We want it to work like this

let initial_values = [1, 2, 2, 3, 7];
let updates = [
  Insert(0, 0_u8),
  Remove(1),
  Insert(4, 4_u8),
  Insert(4, 5_u8),
  Remove(4)
];
// output becomes:
// [0, 1, 2, 3, 4, 5]

Source Code

For those interested, here’s the source code. I used nix to pin the exact version of the nightly compiler I am using.

All of the benchmarks from the Criterion library.

I performed all benchmarks on a m1 macbook pro (running asahi linux).

Naive Solution

Rust has a builtin vector type with the methods: insert and remove. Exactly what we need.

fn fast_update(input: &mut Vec<u8>, updates: &[Update]) {
    for update in updates {
        match *updates {
            Update::Remove(idx) => {
                input.remove(index);
            }
            Update::Insert(index, value) => {
                input.insert(index, value)
            }
        }
    }
}

Super simple, except it’s wrong. This will only work for the very first update. We need to keep track of 2 more things: how much the indexes have changed, and if we’ve already removed that index.
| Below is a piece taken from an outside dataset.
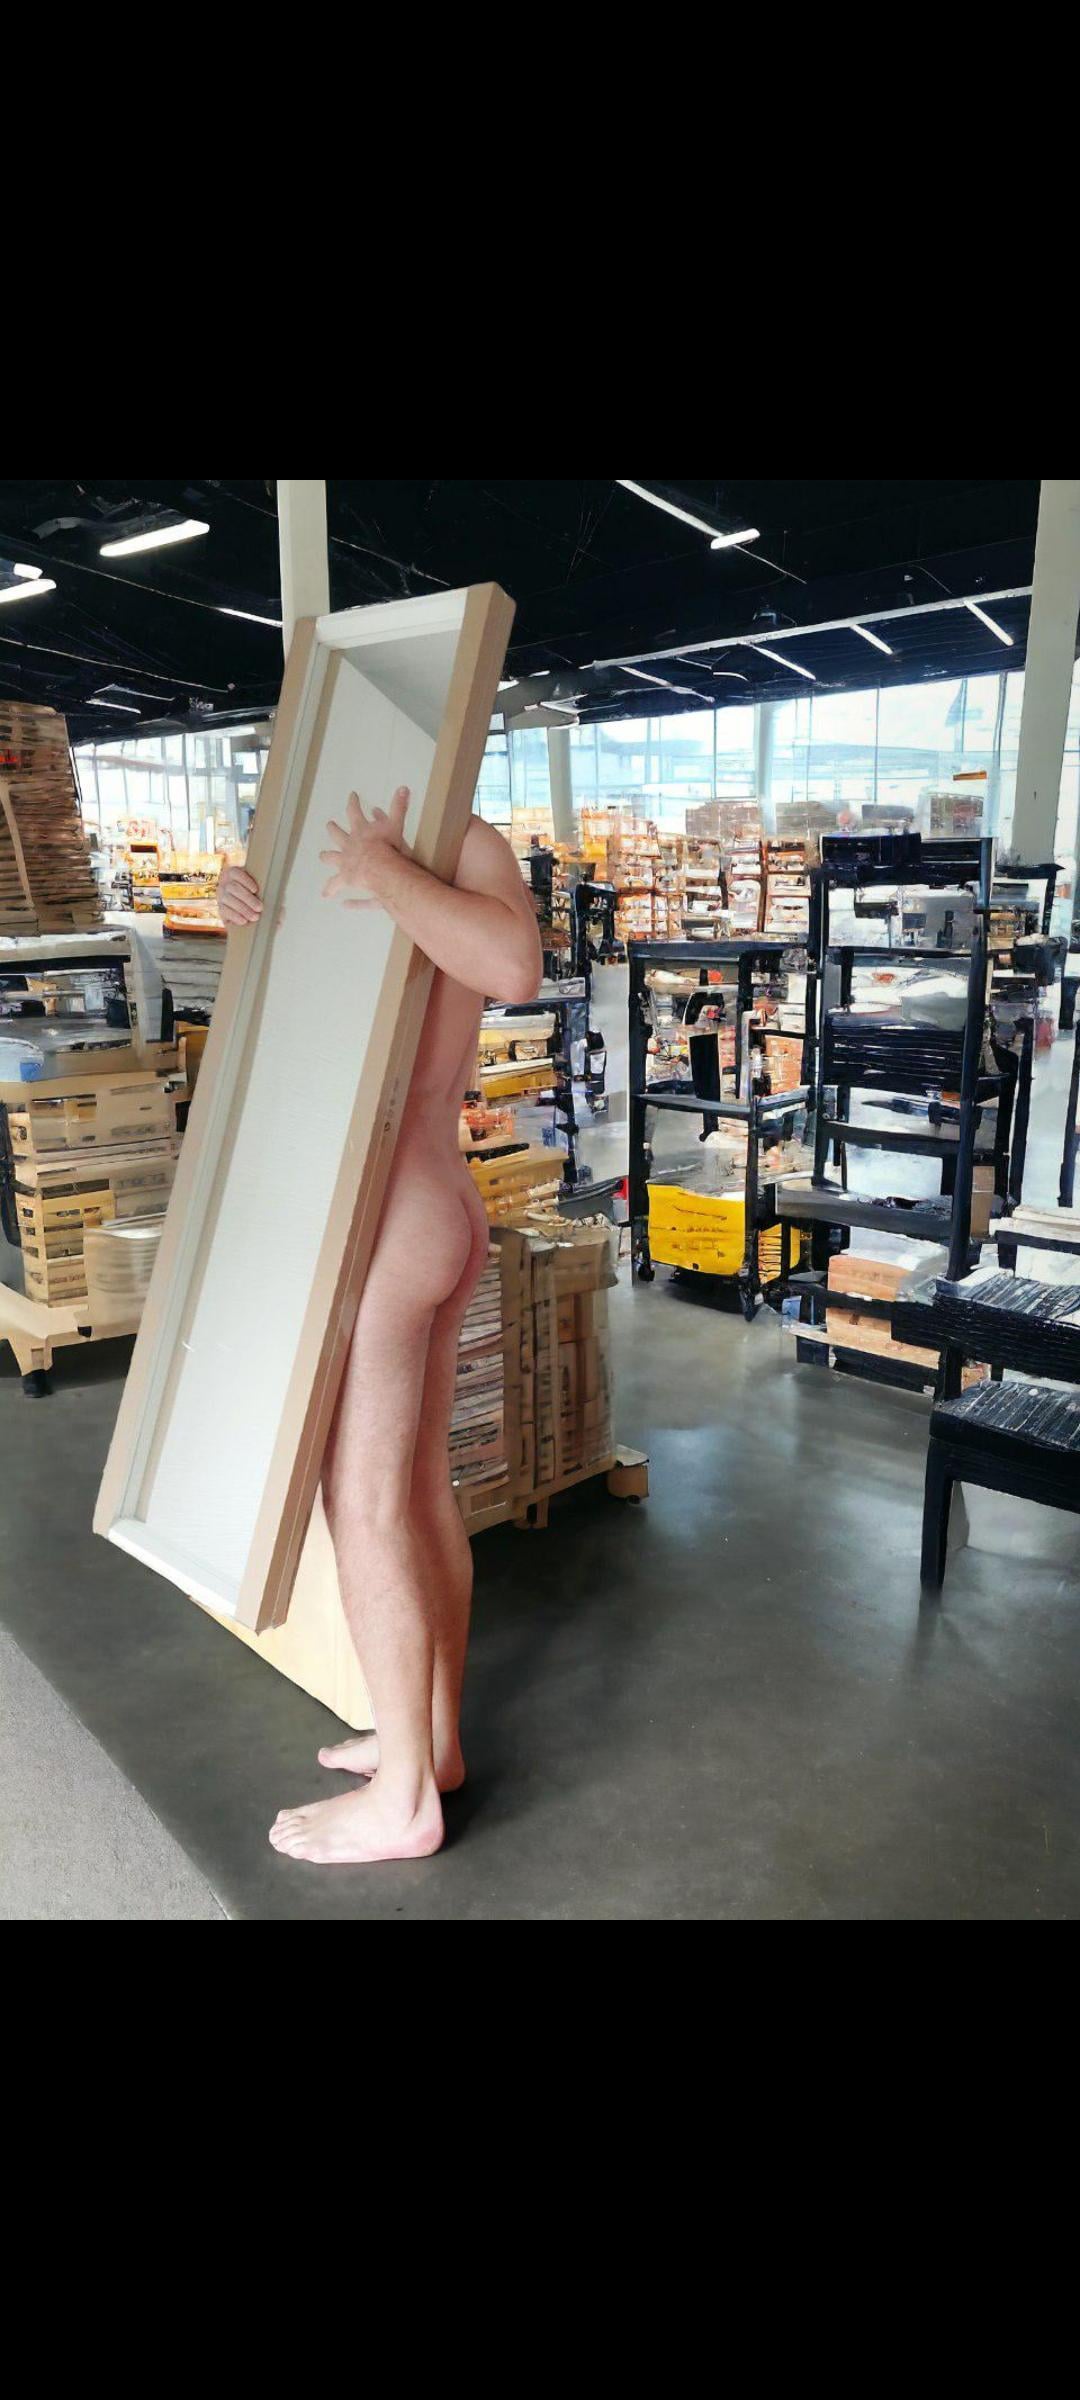 Its risky taking nudes ar IKEA love it

More interesting than it being wrong is that it is extremely slow. O(n * m) to be exact. This is because when you remove and insert, you have to shift everything else after it over. Even if we got the “correct” answer I would still consider this solution to be incorrect because it is way to slow. If you’d like to spend your time waiting on a “correct” solution you can implement it yourself, but I’d rather spend my time optimizing a problem no one asked me to.

Big Oh Yeah

Lets make it linear. Start by making a second list, this will be returned instead of mutating the input. This is an extra nice property to have, that we will keep up until the end. Then we will take elements from either input or updates depending on what the current update is.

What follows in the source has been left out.